Recorded data:
....

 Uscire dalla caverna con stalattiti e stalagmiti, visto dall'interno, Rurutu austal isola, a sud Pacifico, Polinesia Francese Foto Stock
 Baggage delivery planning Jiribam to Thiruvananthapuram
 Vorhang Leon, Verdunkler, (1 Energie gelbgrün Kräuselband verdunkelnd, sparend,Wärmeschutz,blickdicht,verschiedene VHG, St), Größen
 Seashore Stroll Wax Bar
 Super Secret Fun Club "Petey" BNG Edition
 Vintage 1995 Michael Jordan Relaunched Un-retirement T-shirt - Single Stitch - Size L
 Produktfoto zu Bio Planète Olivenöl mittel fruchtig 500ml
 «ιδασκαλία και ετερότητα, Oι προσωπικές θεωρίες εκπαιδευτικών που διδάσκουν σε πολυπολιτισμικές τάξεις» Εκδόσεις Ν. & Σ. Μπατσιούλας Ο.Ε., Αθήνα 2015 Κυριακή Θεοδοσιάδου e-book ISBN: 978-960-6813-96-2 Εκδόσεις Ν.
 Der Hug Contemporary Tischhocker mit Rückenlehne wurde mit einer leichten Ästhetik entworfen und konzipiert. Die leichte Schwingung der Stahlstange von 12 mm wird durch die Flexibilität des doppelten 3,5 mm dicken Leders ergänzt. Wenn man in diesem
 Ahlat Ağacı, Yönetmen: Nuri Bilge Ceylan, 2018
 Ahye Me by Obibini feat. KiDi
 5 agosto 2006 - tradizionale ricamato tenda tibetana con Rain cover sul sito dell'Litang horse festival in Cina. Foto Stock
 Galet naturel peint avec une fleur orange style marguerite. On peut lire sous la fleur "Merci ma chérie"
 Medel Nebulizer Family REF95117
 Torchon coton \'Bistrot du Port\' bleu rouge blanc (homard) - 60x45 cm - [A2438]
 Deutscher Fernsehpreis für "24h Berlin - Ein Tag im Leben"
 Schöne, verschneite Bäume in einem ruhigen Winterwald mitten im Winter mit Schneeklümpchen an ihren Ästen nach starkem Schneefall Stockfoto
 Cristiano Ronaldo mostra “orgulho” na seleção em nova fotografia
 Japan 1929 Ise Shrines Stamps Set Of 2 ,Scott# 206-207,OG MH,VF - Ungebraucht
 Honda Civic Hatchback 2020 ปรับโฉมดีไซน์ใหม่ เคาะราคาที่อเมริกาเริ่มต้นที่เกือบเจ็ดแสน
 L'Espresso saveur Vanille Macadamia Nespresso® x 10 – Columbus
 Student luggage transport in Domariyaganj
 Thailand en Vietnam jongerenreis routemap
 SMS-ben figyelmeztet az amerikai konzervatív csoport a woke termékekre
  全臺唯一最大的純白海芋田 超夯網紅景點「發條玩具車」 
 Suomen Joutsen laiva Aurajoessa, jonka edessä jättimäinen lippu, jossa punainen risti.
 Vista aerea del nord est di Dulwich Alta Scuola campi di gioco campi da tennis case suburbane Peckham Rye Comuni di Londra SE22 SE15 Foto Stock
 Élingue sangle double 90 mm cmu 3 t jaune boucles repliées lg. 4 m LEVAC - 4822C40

....

- _What to do_
Only the lines from the one bearing "Galet naturel peint" through the end of the entries above belong in the answer, each one exactly as given.

- _Task response_
 Galet naturel peint avec une fleur orange style marguerite. On peut lire sous la fleur "Merci ma chérie"
 Medel Nebulizer Family REF95117
 Torchon coton \'Bistrot du Port\' bleu rouge blanc (homard) - 60x45 cm - [A2438]
 Deutscher Fernsehpreis für "24h Berlin - Ein Tag im Leben"
 Schöne, verschneite Bäume in einem ruhigen Winterwald mitten im Winter mit Schneeklümpchen an ihren Ästen nach starkem Schneefall Stockfoto
 Cristiano Ronaldo mostra “orgulho” na seleção em nova fotografia
 Japan 1929 Ise Shrines Stamps Set Of 2 ,Scott# 206-207,OG MH,VF - Ungebraucht
 Honda Civic Hatchback 2020 ปรับโฉมดีไซน์ใหม่ เคาะราคาที่อเมริกาเริ่มต้นที่เกือบเจ็ดแสน
 L'Espresso saveur Vanille Macadamia Nespresso® x 10 – Columbus
 Student luggage transport in Domariyaganj
 Thailand en Vietnam jongerenreis routemap
 SMS-ben figyelmeztet az amerikai konzervatív csoport a woke termékekre
  全臺唯一最大的純白海芋田 超夯網紅景點「發條玩具車」 
 Suomen Joutsen laiva Aurajoessa, jonka edessä jättimäinen lippu, jossa punainen risti.
 Vista aerea del nord est di Dulwich Alta Scuola campi di gioco campi da tennis case suburbane Peckham Rye Comuni di Londra SE22 SE15 Foto Stock
 Élingue sangle double 90 mm cmu 3 t jaune boucles repliées lg. 4 m LEVAC - 4822C40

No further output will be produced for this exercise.